While all garbage collected environments create the potential to create such leaks, it can be particularly easy in JavaScript: closures create implicit references to variables within their scopes — references that might not be immediately obvious to the programmer. And node.js adds a new dimension of peril with its strictly asynchronous interface with the system: if backpressure from slow upstream services (I/O, networking, database services, etc.) isn’t carefully passed to downstream consumers, memory will begin to fill with the intermediate state. (That is, what one gains in concurrency of operations one may pay for in memory.) And of course, node.js is on the server — where the long-running nature of services means that the effect of a memory leak is much more likely to be felt and to affect service. Take all of these together, and you can easily see why virtually anyone who has stood up node.js in production will identify memory leaks as their most significant open issue.

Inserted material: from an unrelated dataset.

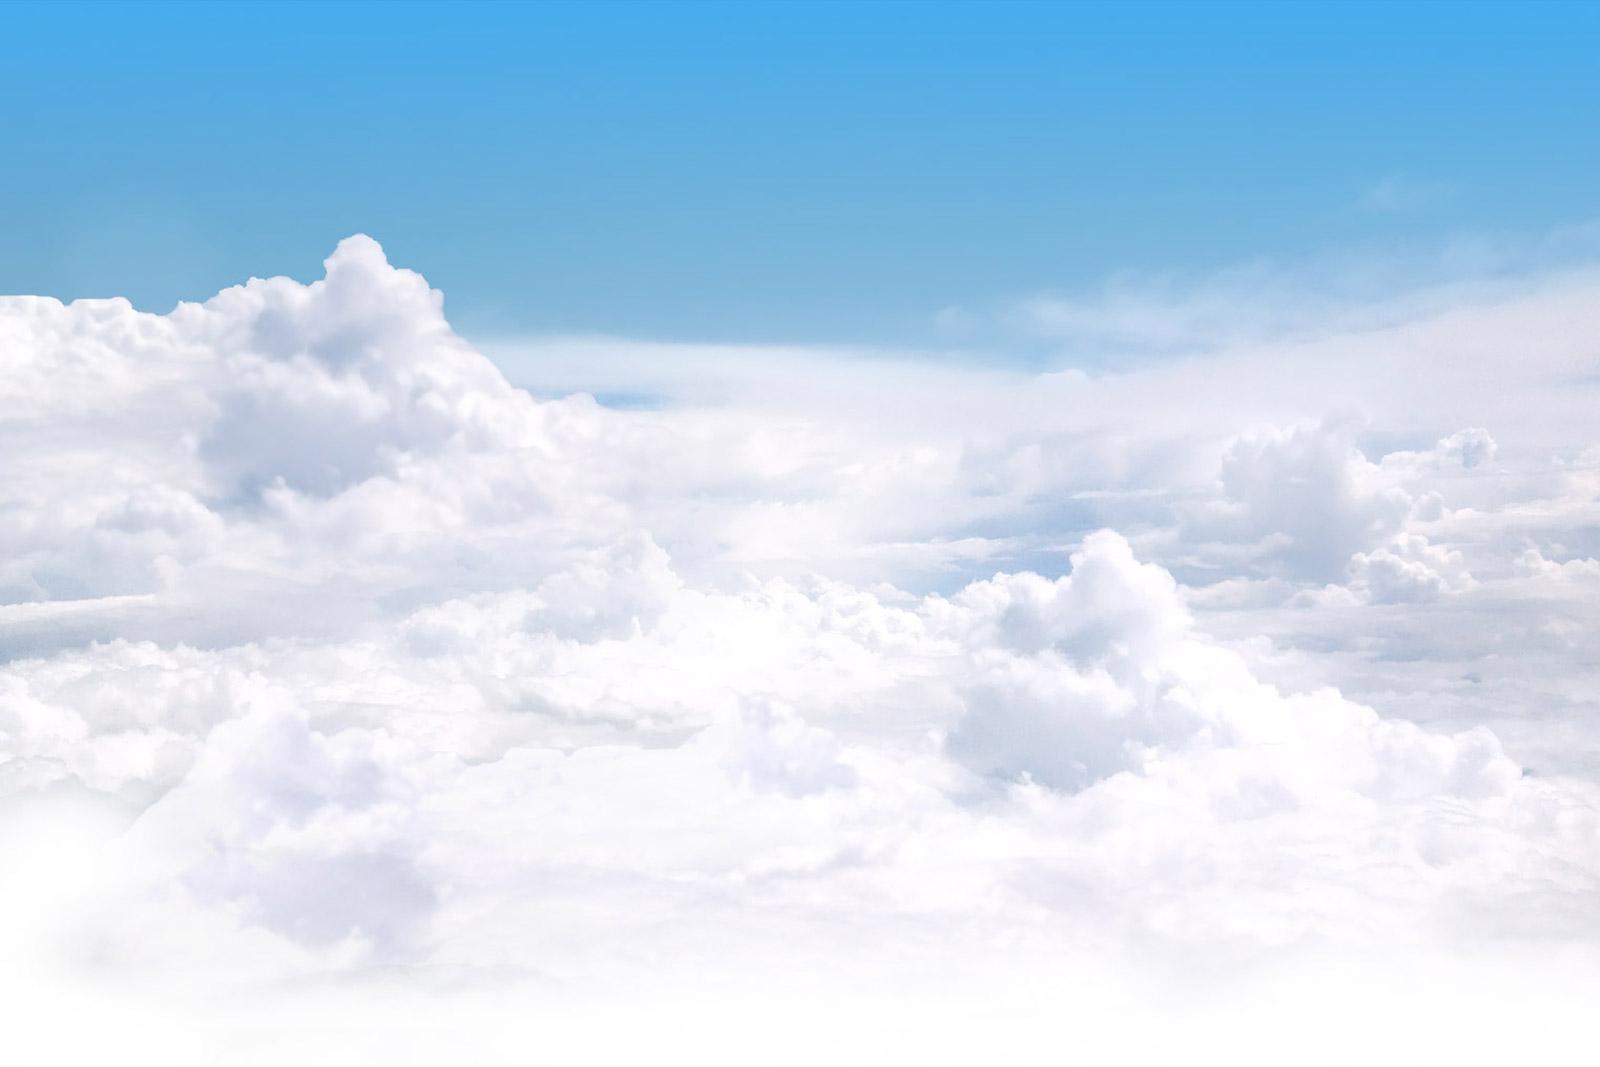 chmura plików, bluecloud, chmura, pliki w chmurze, wysyłanie plikow, transfer dużych plików

The state of the art for node.js memory leak detection — as concisely described by Felix in his node memory leak tutorial — is to use the v8-profiler and Danny Coates’ node-inspector. While this method is a lot better than nothing, it’s very much oriented to the developer in development. This is a debilitating shortcoming because memory leaks are often observed only after days (hours, if you’re unlucky) of running in production. At Joyent, we have long wanted to tackle the problem of providing the necessary tooling to identify node.js memory leaks in production. When we are so lucky as to have these in native code (that is, node.js add-ons), we can use libumem and ::findleaks — a technology that we have used to find thousands of production memory leaks over the years. But this is (unfortunately) not the common case: the common case is a leak in JavaScript — be it node.js or application code — for which our existing production techniques are useless.
So for node.js leaks in production, one has been left with essentially a Gedanken experiment: consider your load and peruse source code looking for a leak. Given how diabolical these leaks can be, it’s amazing to me that anyone ever finds these leaks. (And it’s less surprising that they take an excruciating amount of effort over a long period of time.) That’s been the (sad) state of things for quite some time, but recently, this issue boiled over for us: Voxer, a Joyent customer and long in the vanguard of node.js development, was running into a nasty memory leak: a leak sufficiently acute that the service in question was having to be restarted on a regular basis, but not so much that it was reproducible in development. With the urgency high on their side, we again kicked around this seemingly hopeless problem, focussing on the concrete data that we had: core dumps exhibiting the high memory usage, obtained at our request via gcore(1) before service restart. Could we do anything with those?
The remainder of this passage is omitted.